# Jet 1014 chuck



## justallan (Oct 12, 2014)

I bought this little lathe awhile back and it came with nothing but a faceplate and the pen turning stuff.
I'm wondering what's an affordable 4 jaw chuck to use? I think the spindle is 1"x8 TPI, but please correct me if I'm wrong on that.
I am looking at the Wood River chucks, but know nothing about them. Any advice is appreciated.
If someone has a used one to get rid of please give me a holler.
Thanks in advance,
Allan


----------



## JR Custom Calls (Oct 12, 2014)

This one has performed well for me - http://www.pennstateind.com/store/CUG3418CCX.html ... can't hardly beat the price either. They do also sell the Barracuda series, which doesn't require the two bars, it uses a key similar to a drill chuck. The bars aren't that big of a pain, I had to use them until I bought the lathe I have now with a spindle lock.

Reactions: Thank You! 1


----------



## justallan (Oct 12, 2014)

Thanks Jonathan. I just took a look and am wondering how small the inside jaws go down to? Thanks


----------



## JR Custom Calls (Oct 12, 2014)

Which ones? There are 3 sets that come with that chuck. The pin jaws are what I use to make pot calls... they'll fit in a 3/4" hole.

Reactions: Thank You! 1


----------



## GeauxGameCalls (Oct 12, 2014)

I have the nova but I am gonna buy a bulldog very soon. They have a great setup and numerous jaws.


----------



## woodtickgreg (Oct 12, 2014)

I too use a nova super and I'm very satisfied with it, great holding power. I would get a chuck with just one key and not the bars for tightening, they don't cost much more. The baracuda kit from penn states is a great buy and lots of folks use them. The titanium finish is pretty cool too. It is a good size chuck for a mini/midi lathe. They are a good buy considering all the jaws that come with them.

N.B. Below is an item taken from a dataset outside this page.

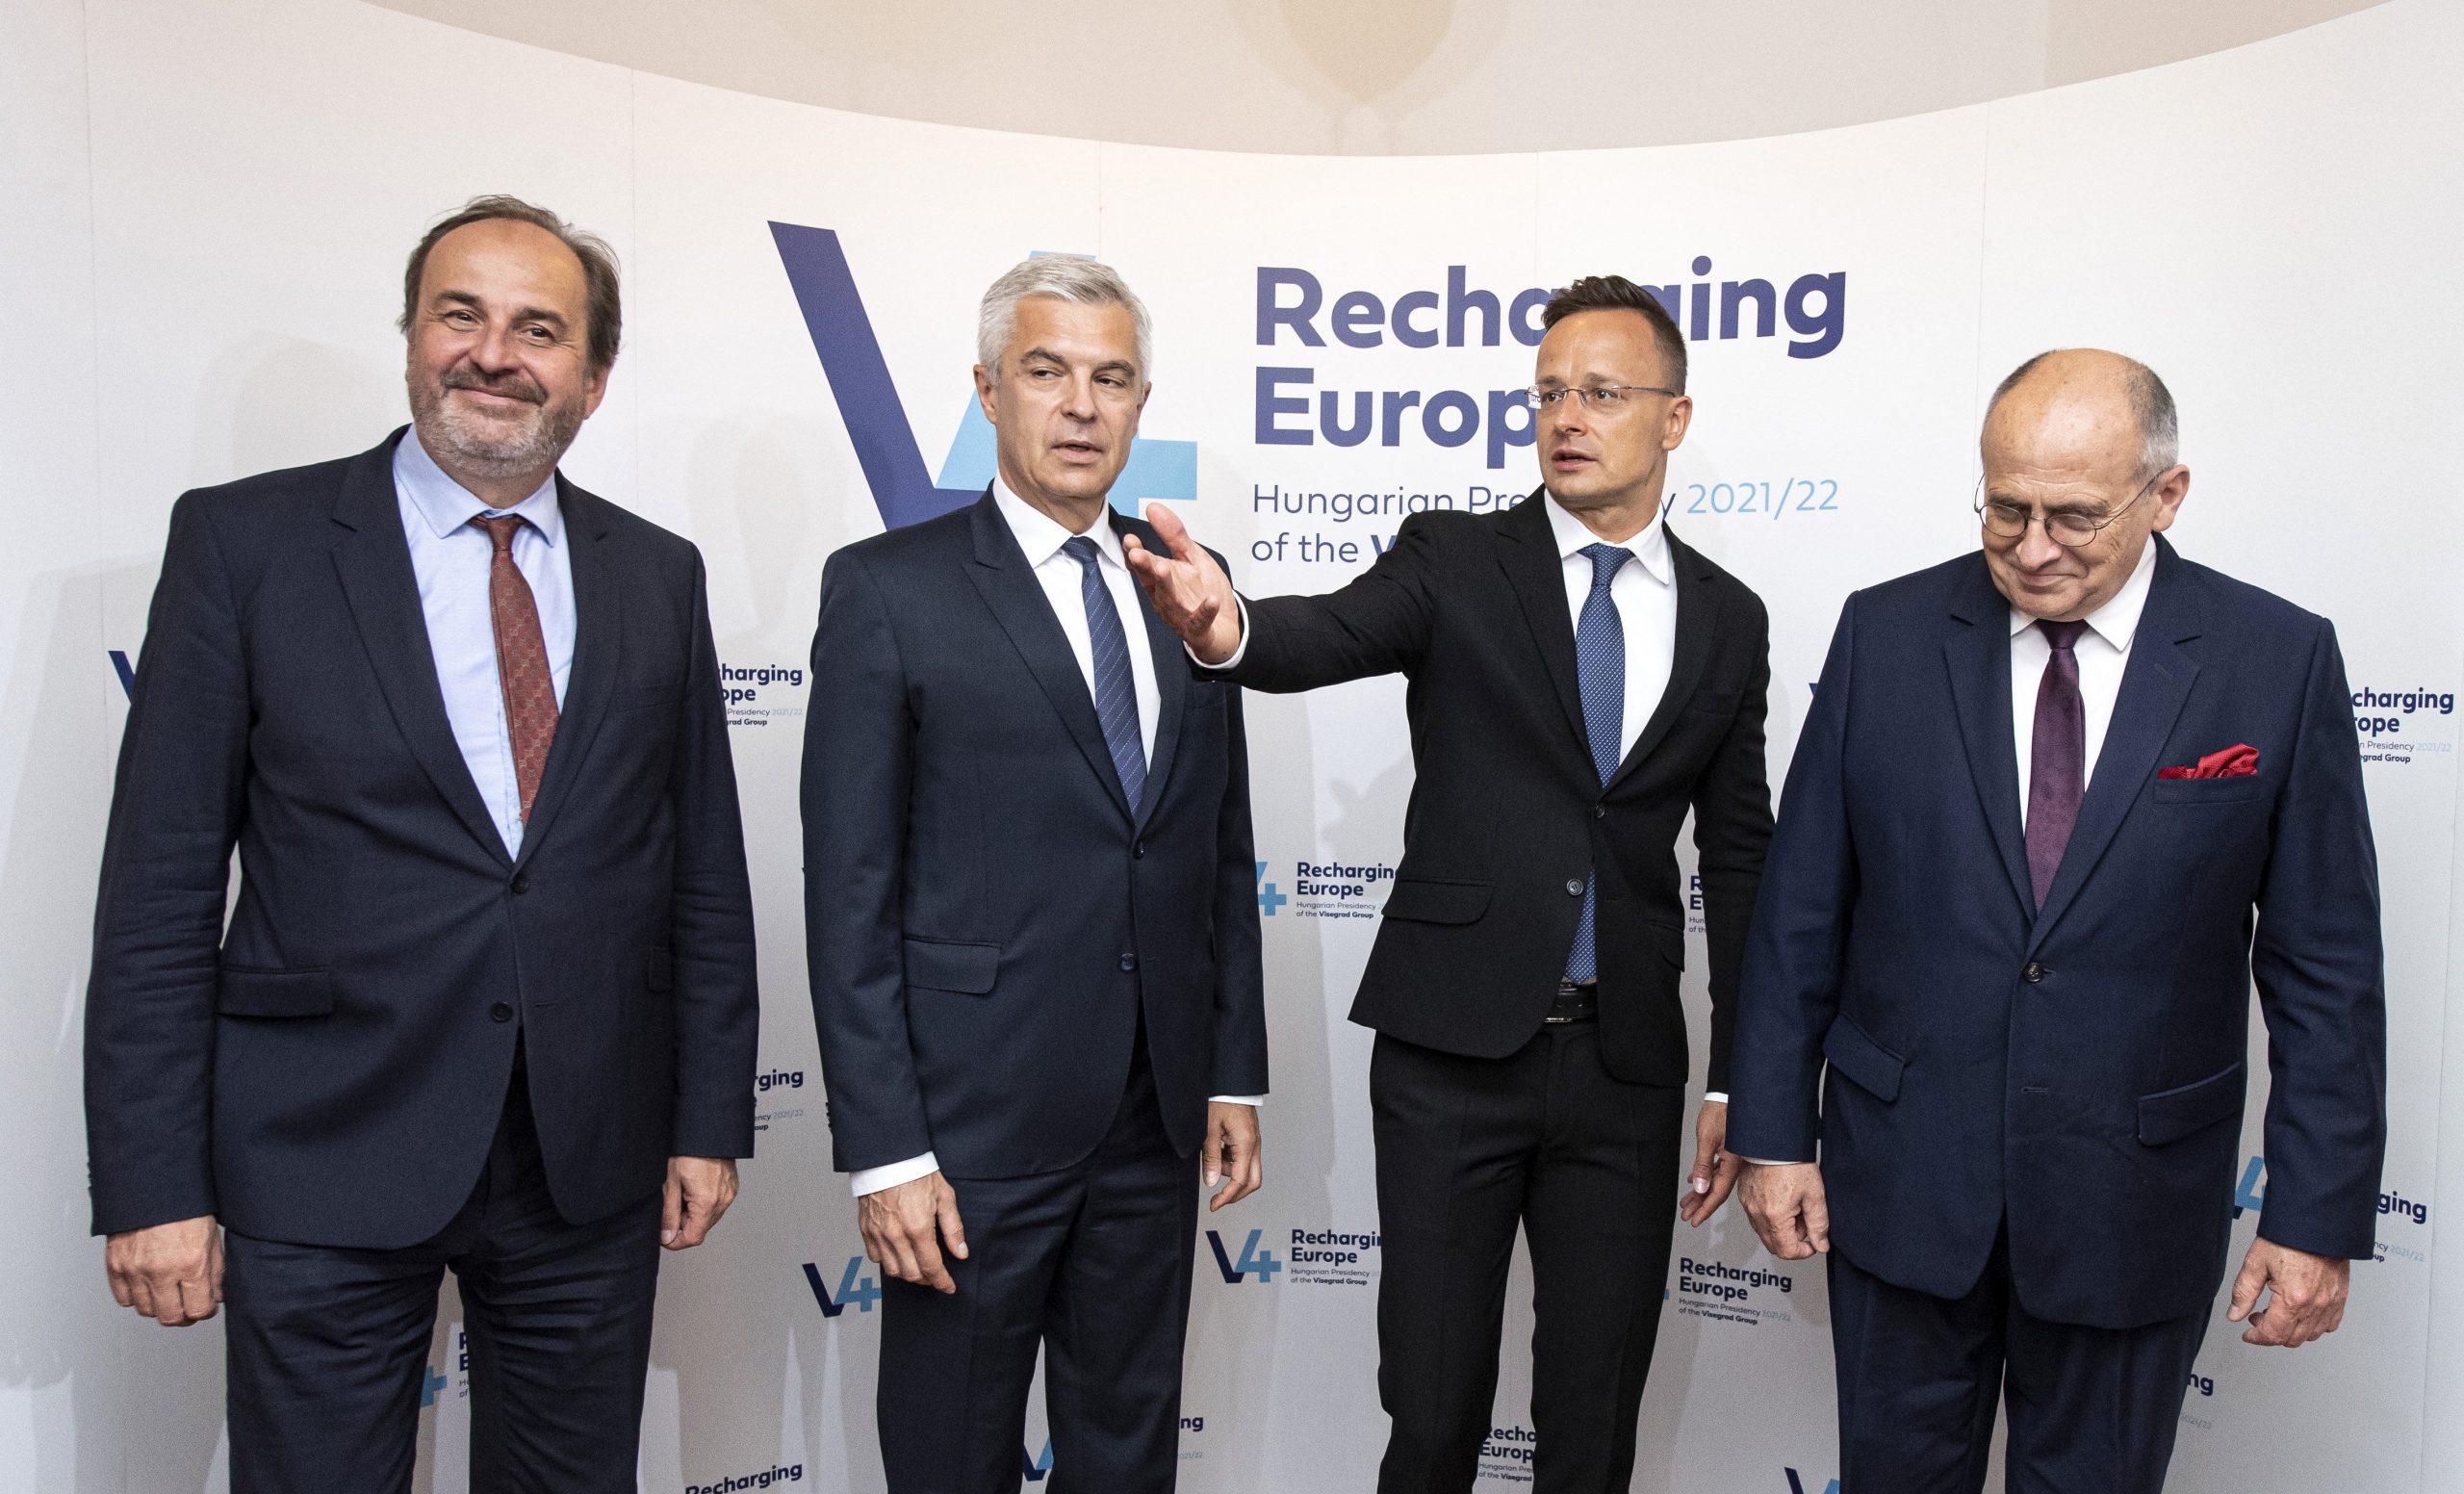 FM Szijjártó: V4 Countries to Help Lithuania Halt Migrants

Reactions: Thank You! 1 | Agree 1


----------



## justallan (Oct 12, 2014)

Thanks for all the info, guys.


----------



## SENC (Oct 12, 2014)

Agree with the advice on the keyed chucks. I recently added a Hurricane in the advice, I think, of @DKMD. I also have a Nova. I've been very happy with both.

Reactions: Thank You! 1


----------



## ironman123 (Oct 12, 2014)

Alan read farther down on the page link JR gave you. 11/16" is the smallest inside I believe. I have the Baracuda 2000C (Good chuck) and just bought the one JR linked to use as a blank drilling chuck.

Reactions: Thank You! 1


----------



## justallan (Oct 12, 2014)

I am looking at the one Jr put a link to, plus the Baracuda 2000 and 3000. If I went with any with two stick tightening system I'd probably go with the one on the link, plus right now it's on sale.


----------



## woodtickgreg (Oct 12, 2014)

Allan, another thing to consider with a chuck that uses one key to tighten instead of 2 bars is that you can hold your blank up to the chuck with one hand and tighten with the other hand.

Reactions: Thank You! 1


----------



## justallan (Oct 12, 2014)

That's the one drawback, I agree.


----------



## JR Custom Calls (Oct 12, 2014)

I've never used a keyed chuck, but I can't imagine it being as easy to crank down on them... Since my lathe has a spindle lock (which I realize his doesn't... so this is just for me, really), I don't have to use both bars, I just use one to crank down on whatever I'm turning.

Reactions: Like 2


----------



## justallan (Oct 12, 2014)

5 years ago I would have built a spindle lock, any more I'm learning to come loose of the extra $ and just buy what I need.

Reactions: Agree 2


----------



## justallan (Oct 12, 2014)

Well, I went with the Barracuda2 keyed chuck system. It's everything I need for now.
Thanks for all the help and making me think a bit.

Reactions: Like 2


----------



## Bigdrowdy1 (Oct 13, 2014)

I use the same chuck you just got for my Jet 1014. They work great and are fair priced as well.


----------



## ChrisN (Oct 13, 2014)

I've got a Barracuda 2 chuck, and I've not been disappointed by it yet. Granted, it would be really cool to have the quick-change jaws and the "zoom" feature of the Easy Wood Tools chuck, but I guess that's the tradeoff for something 1/3 the price!


----------



## justallan (Oct 13, 2014)

Heck, I just tripled the worth of my lathe. LOL
I only gave $100 for the lathe last winter.

Reactions: Like 2 | Funny 1


----------